Across 11 levels you’ll revisit the best moments from the movie.  From the dusty sand dunes of Tatooine, the busy streets of Mos Eisley, and even the Death Star Trench run.  When you break it down the Star Wars movie took place in only two places for the most part and that would be boring so instead they were broken down into multiple stages.  Prior to the N64 games this was the best way to experience piloting a Land Speeder or stepping into Luke’s shoes to make that fateful shot in the Death Star.  Some of the later stages allow you to control Han Solo or Chewbacca, each with their own attributes and weapons.  This was almost the complete package.

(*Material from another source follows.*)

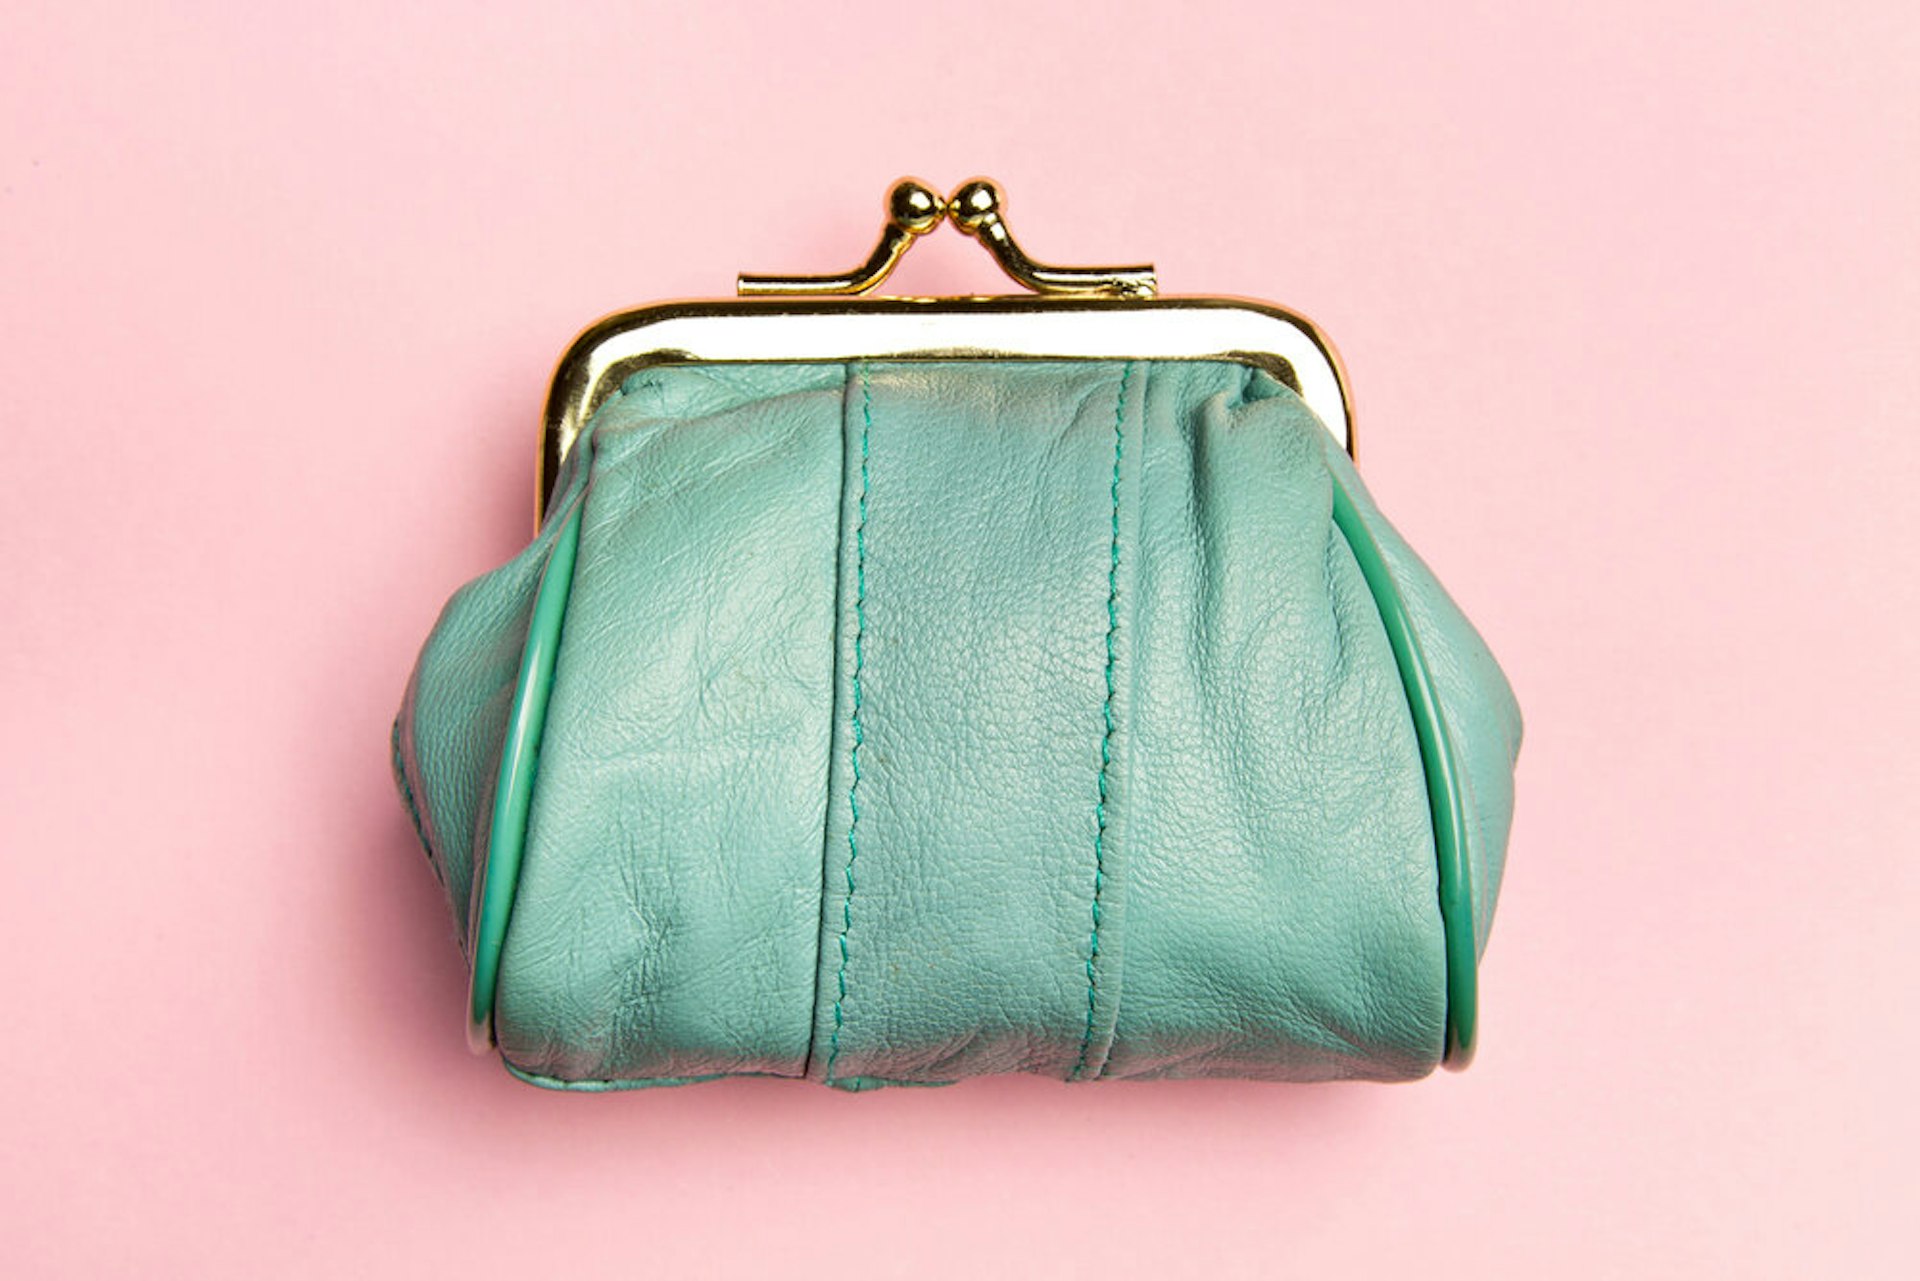 A green leather purse on a pink background

And that is because of its two biggest flaws: the controls and the ridiculous challenge.  For the most part Luke is nimble and reacts almost instantly to commands but that falls apart anytime you hit the jump button.  You have two jumps, a short hop and a higher flip but making Luke perform either of the two is infuriating.  You can still control his descent but his body flails around so much it’s near pointless.  This makes all of the platforming a nightmare, with every leap possibly causing you to lose nearly 10 minutes of progress.  Backtracking is the last thing you want to do because the enemies are relentless with infinitely respawning enemies and plenty of cheap hits to go around. I can guarantee you’ll enter most boss battles with less than optimal health.   As long as this game is it’s a crime not to have any kind of battery backup or passwords.  At least LucasArts fixed this flaw with the sequels.

These flaws aren’t enough to completely knock the game off the hit list however.  The core action is accomplished pretty well and if you have even the slightest interest in the Star Wars universe there is no reason to miss out on one hot platformer.  This was an excellent foundation for the sequels to come.